After several experiments it has been found that the following method is most suitable for the maximum yield: Five cc. of the nitrile are diluted with 75 cc. of absolute alcohol. Five grams of freshly cut sodium are introduced into a 500 cc. flask fitted with an inclined reflux condenser and a tap funnel. The mixture is added in portions of 5 cc. at a time and the flask is heated by means of a liquid paraffin bath at temperatures between 50C and 60C. After four such additions 5 cc. of absolute alcohol are to be added and the amine evolved by distillation is absorbed in hydrochloric acid diluted with an equal bulk of water. When all of the mixture has been added, sufficient alcohol is next poured in so that a layer remains above the surface of the solid sodium ethoxide in the flask. When the evolution of hydrogen practically ceases some more alcohol is added and the flask is heated up to the neck on a water bath, taking off the condenser and directly connecting the flask with the absorbing bottles containing acid. Heating is continued as long as any alkaline vapor comes off. If all the alcohol is distilled and yet some amine remains in the flask, more alcohol is to be added and distilled. By evaporating the acid solution on a water bath the crude amine hydrochloride is obtained, which is then extracted with a mixture of 15 cc. of absolute alcohol and 10 cc. water free ether. Thus pure amine hydrochloride is obtained, free from any ammonium chloride, as salammoniac is insoluble in the above menstruum, especially when the amine hydrochloride is present in excess.(7) Some typical results are given below:

Alkyl Cyanide : Nitrile cc. : Alcohol cc. : Amine HCl g. : NH3Cl g. : Theory Amine g.

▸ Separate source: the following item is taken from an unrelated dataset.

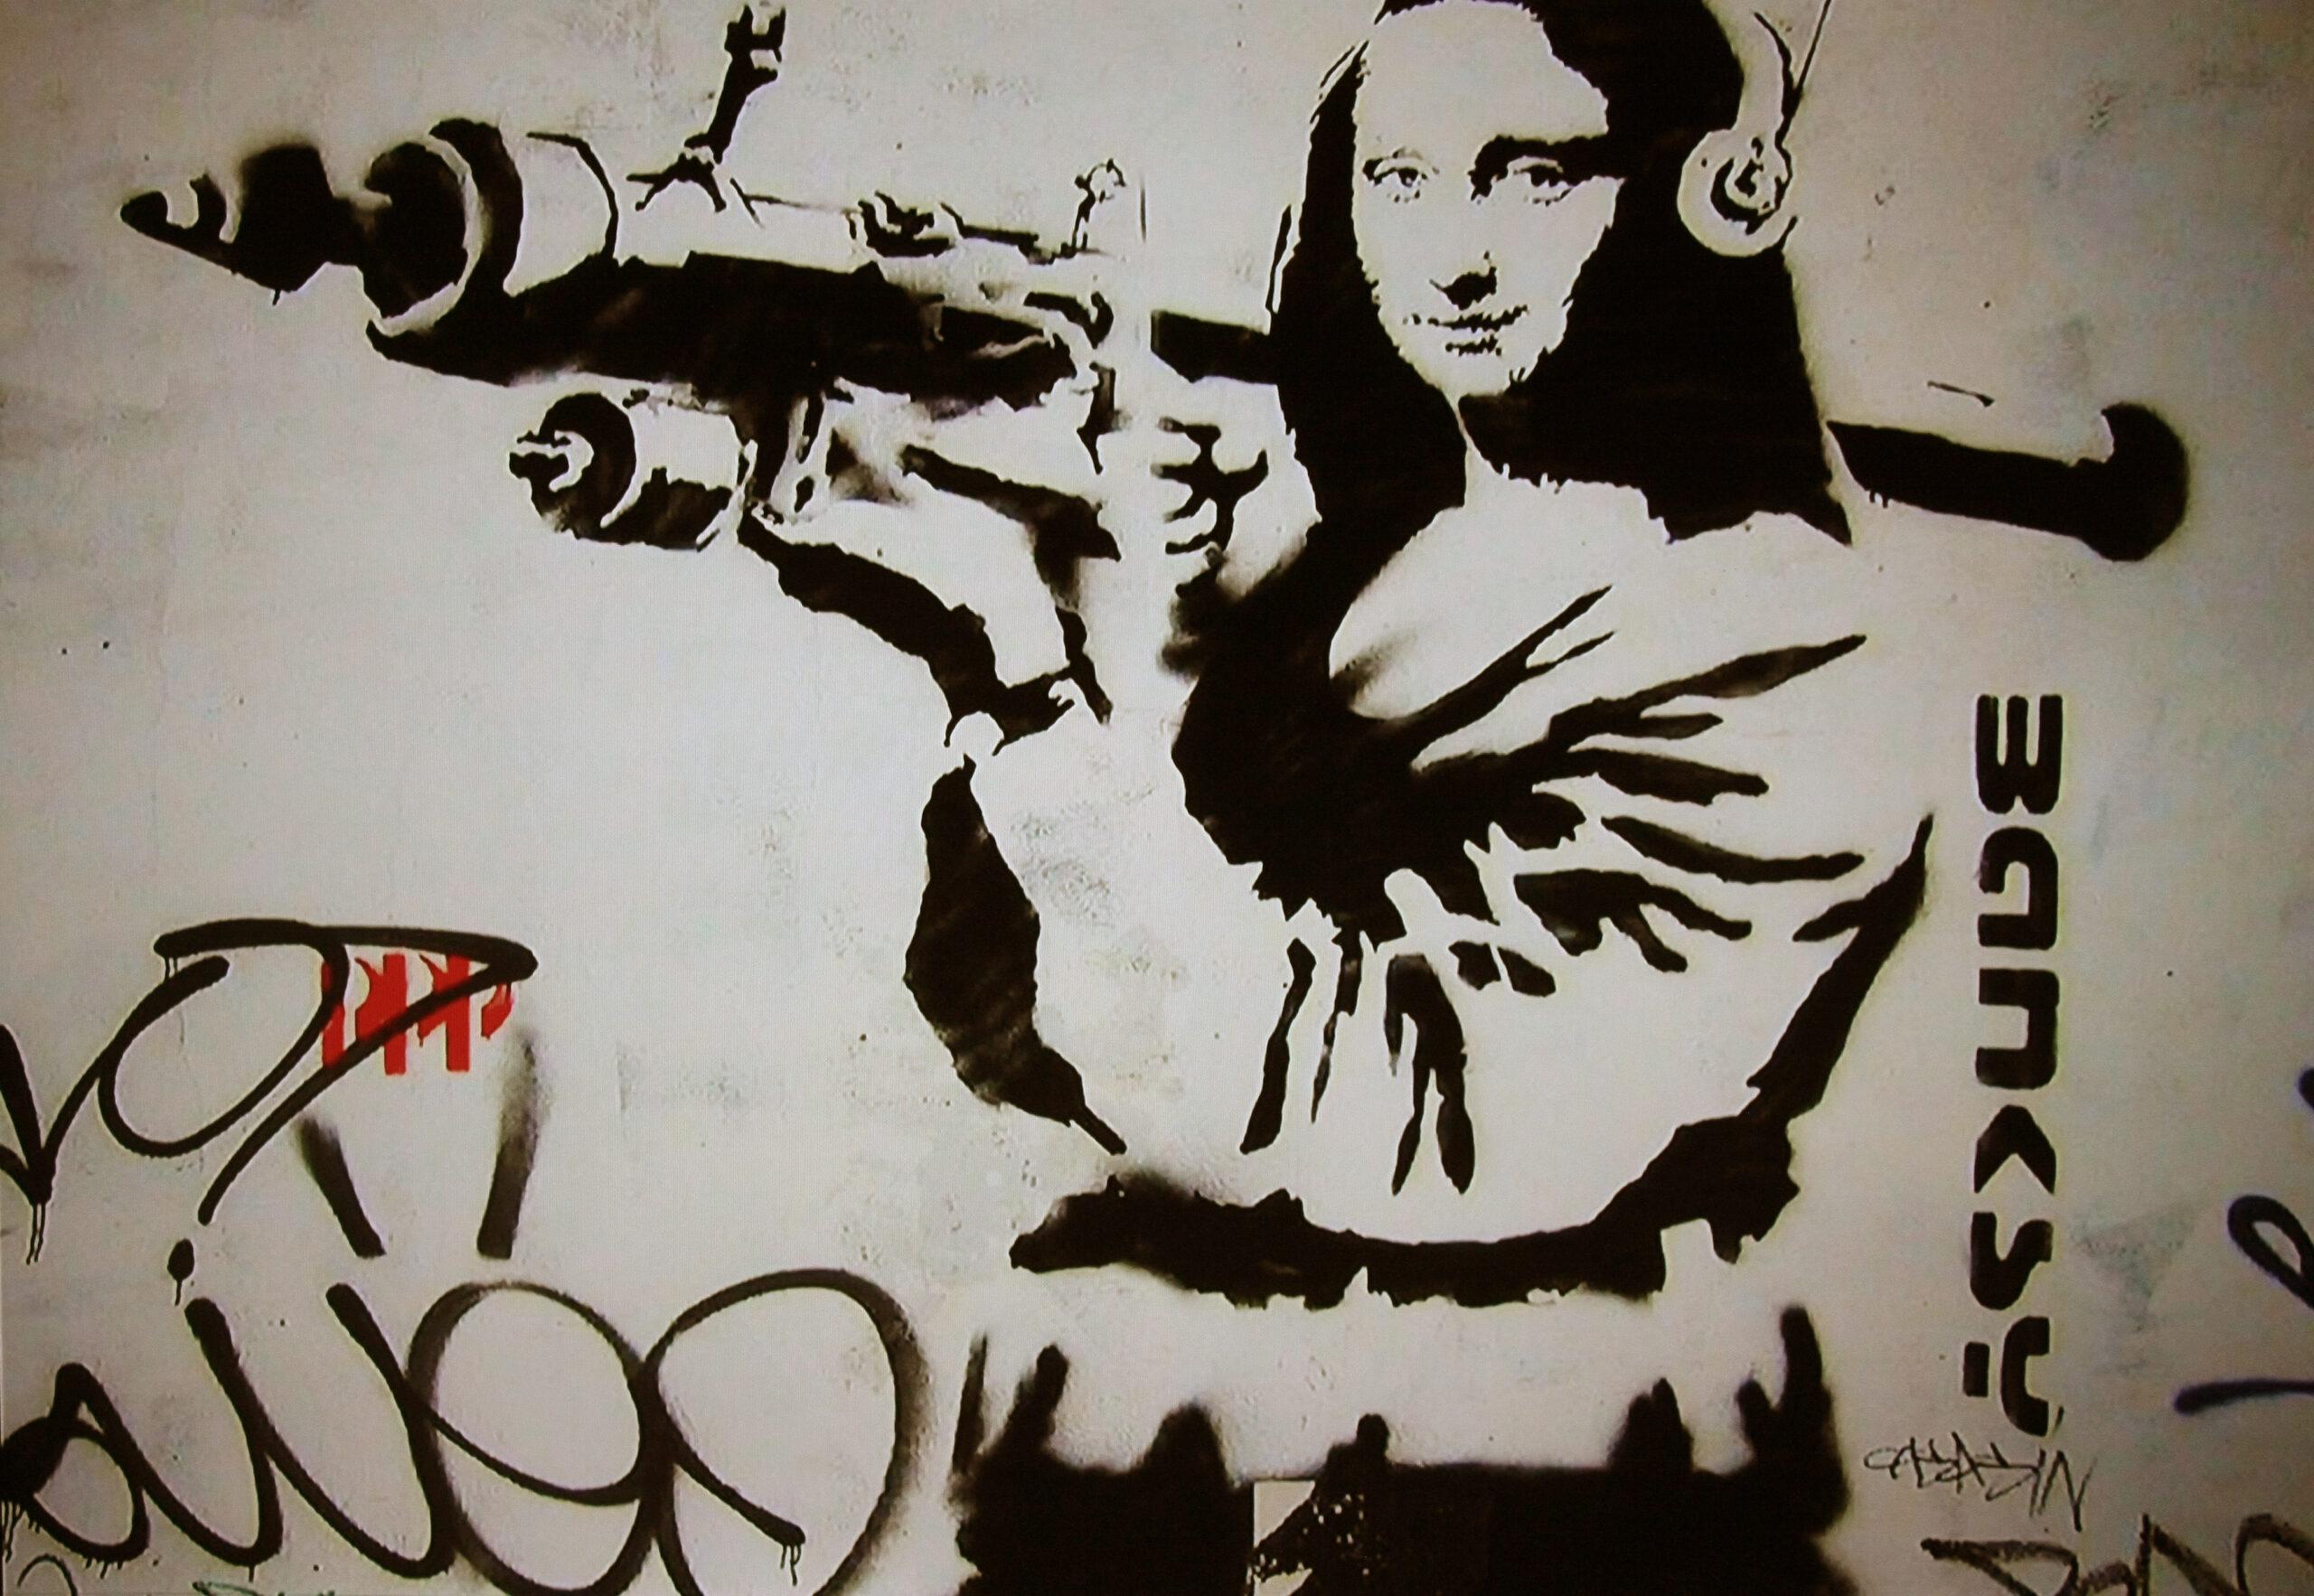 Bansky-Leonardo-da-vinci-street-art-magazinehorse

Methyl cyanide : 5 : 50  : 3.8  : 0.63 : 7.9
Methyl cyanide : 5 : 75  : 7.6  : 0.0  : 7.9
Methyl cyanide : 5 : 100 : 7.58 : 0.0  : 7.9
Ethyl cyanide  : 5 : 50  : 4.36 : 0.5  : 7.0
Ethyl cyanide  : 5 : 75  : 6.4  : 0.07 : 7.0
Propyl cyanide : 5 : 75  : 6.1  : 0.03 : 6.3
Propyl cyanide : 5 : 100 : 6.0  : 0.06 : 6.3

1. Ann., 121, 229.
2. Ibd., 144, 139.
3. Ber., 19, 1783.
4. Ray and Rakshit, Trans. Chem. Soc., 99, 1471, 101, 141.
5. Frankland and Kolbe, Ann., 65, 281.
6. Chem. Soc. Abs., 1889, 114.
7. Winkler, Ann., 93, 324; Ray and Rakshit, J. Chem. Soc., 99, 1471.